» Work item
The expected response is the complete listing below, restated exactly, with its pictures omitted.
[[ Recorded data, beginning ]]
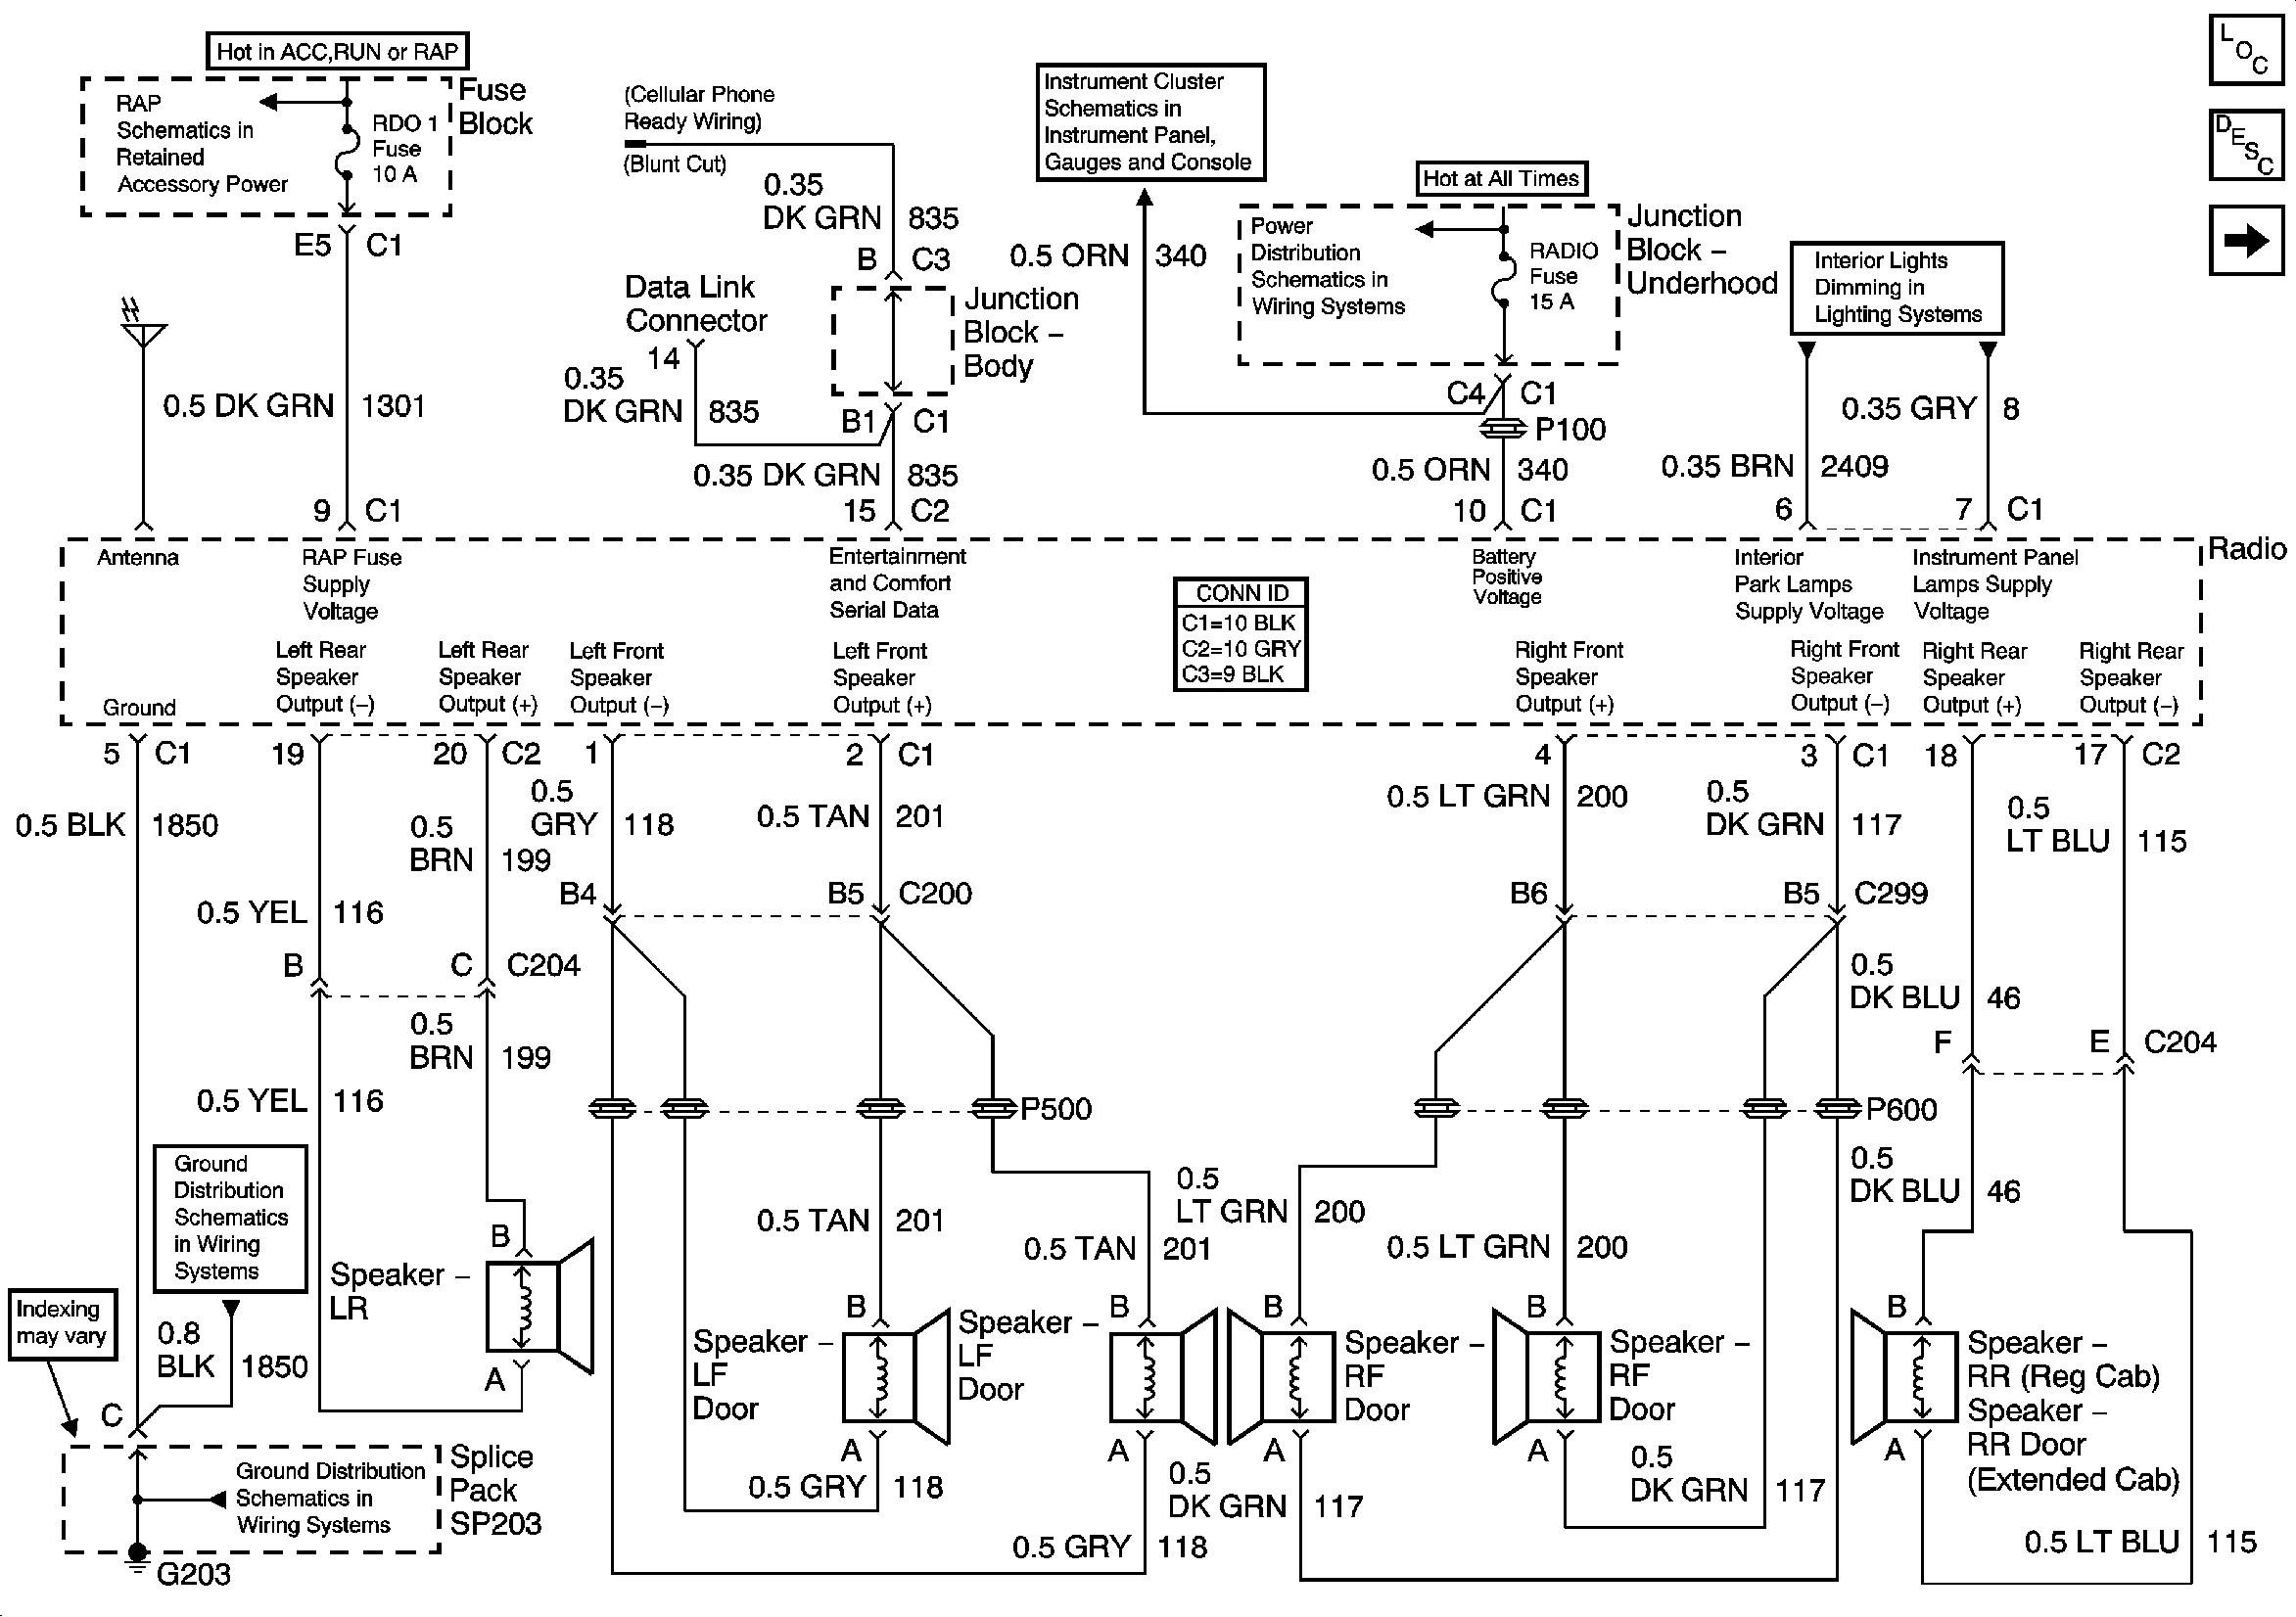 Wiring Diagram For 2003 Chevy Venture - Complete Wiring Schemas
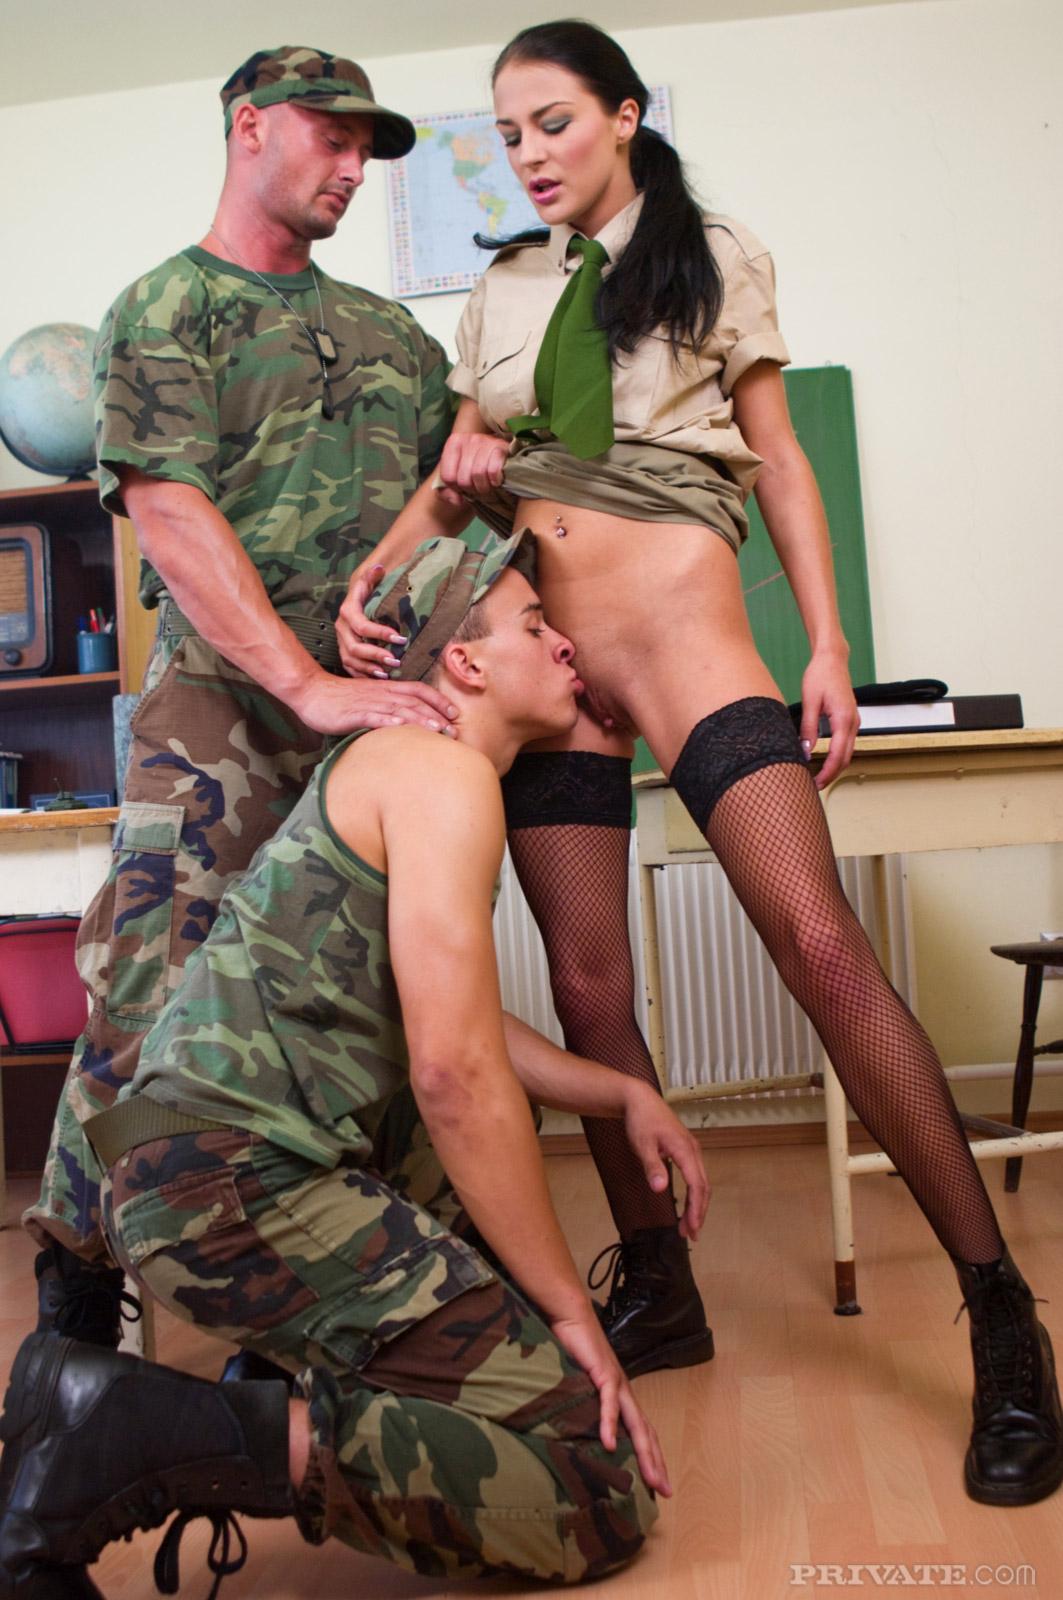 порно фото и эротека с солдатами в армии для планшета
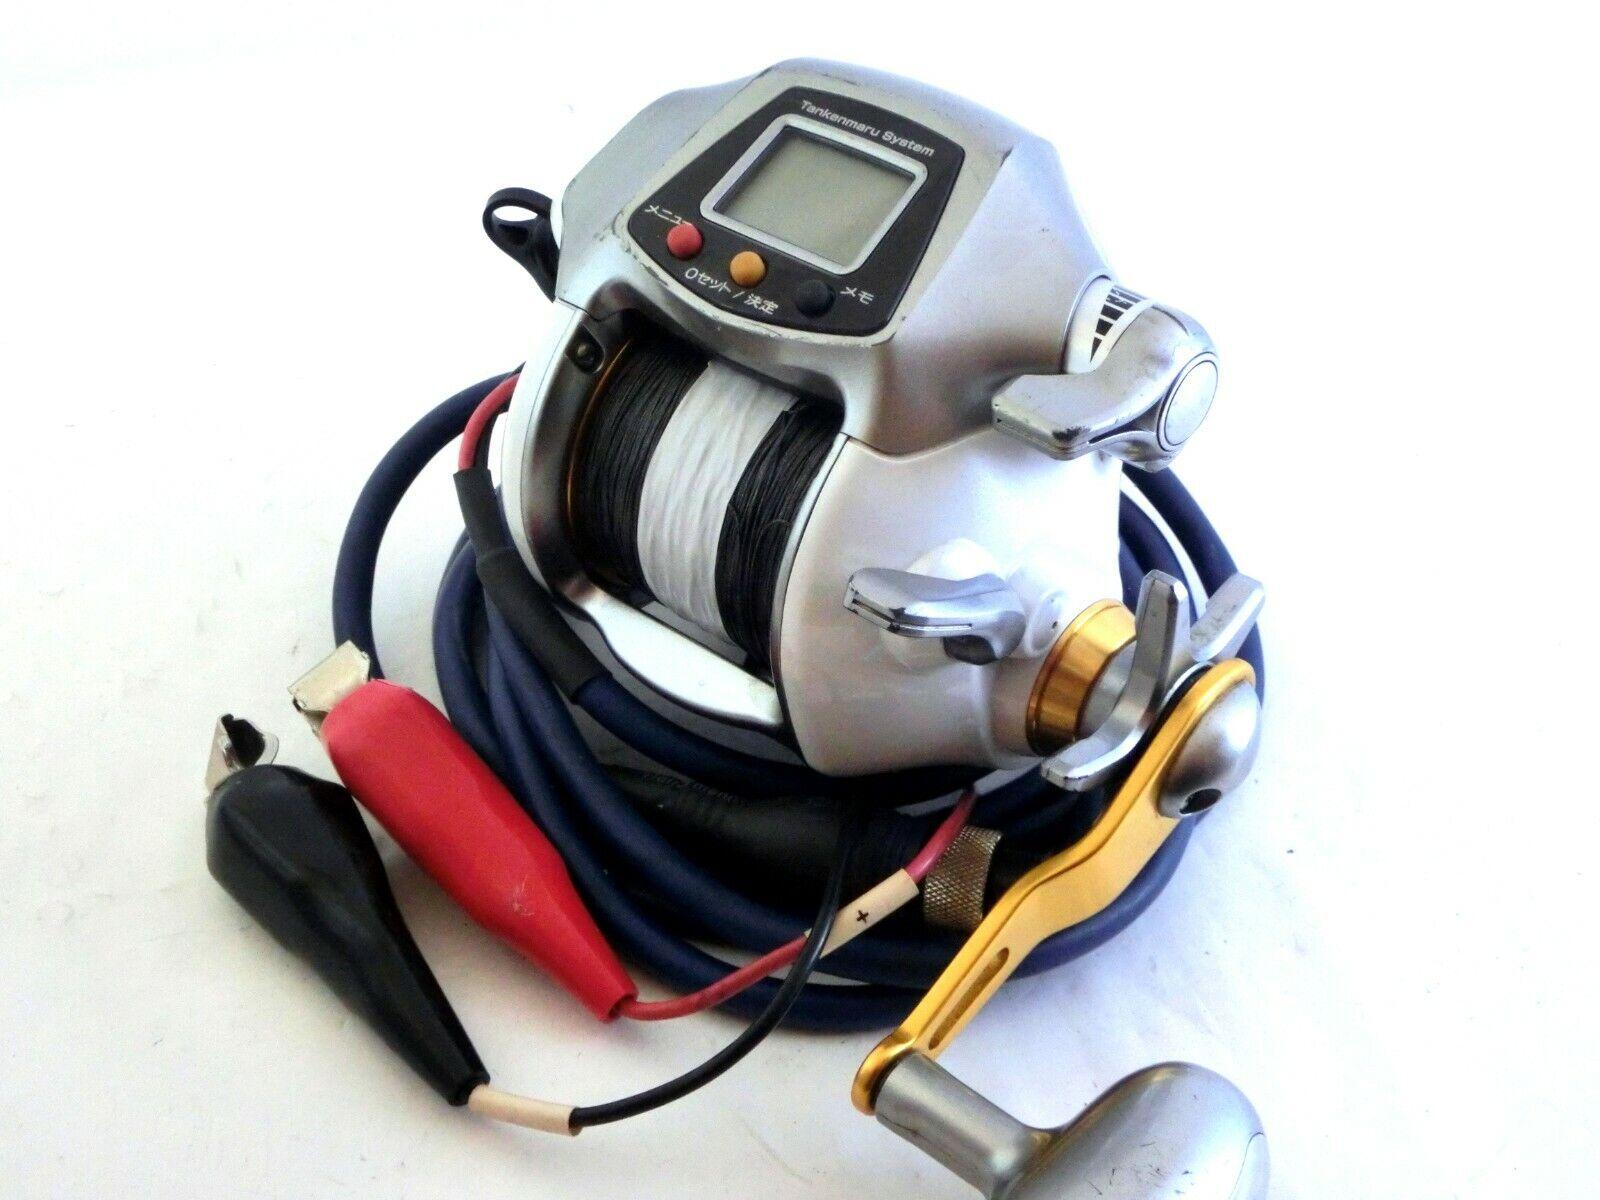 Shimano dendou-Maru 3000XH Hi-Power + Cocherete Electrico Usado PE línea Muy Buena
[[ Recorded data, end ]]
» Exercise answer
 Wiring Diagram For 2003 Chevy Venture - Complete Wiring Schemas
 порно фото и эротека с солдатами в армии для планшета
 Shimano dendou-Maru 3000XH Hi-Power + Cocherete Electrico Usado PE línea Muy Buena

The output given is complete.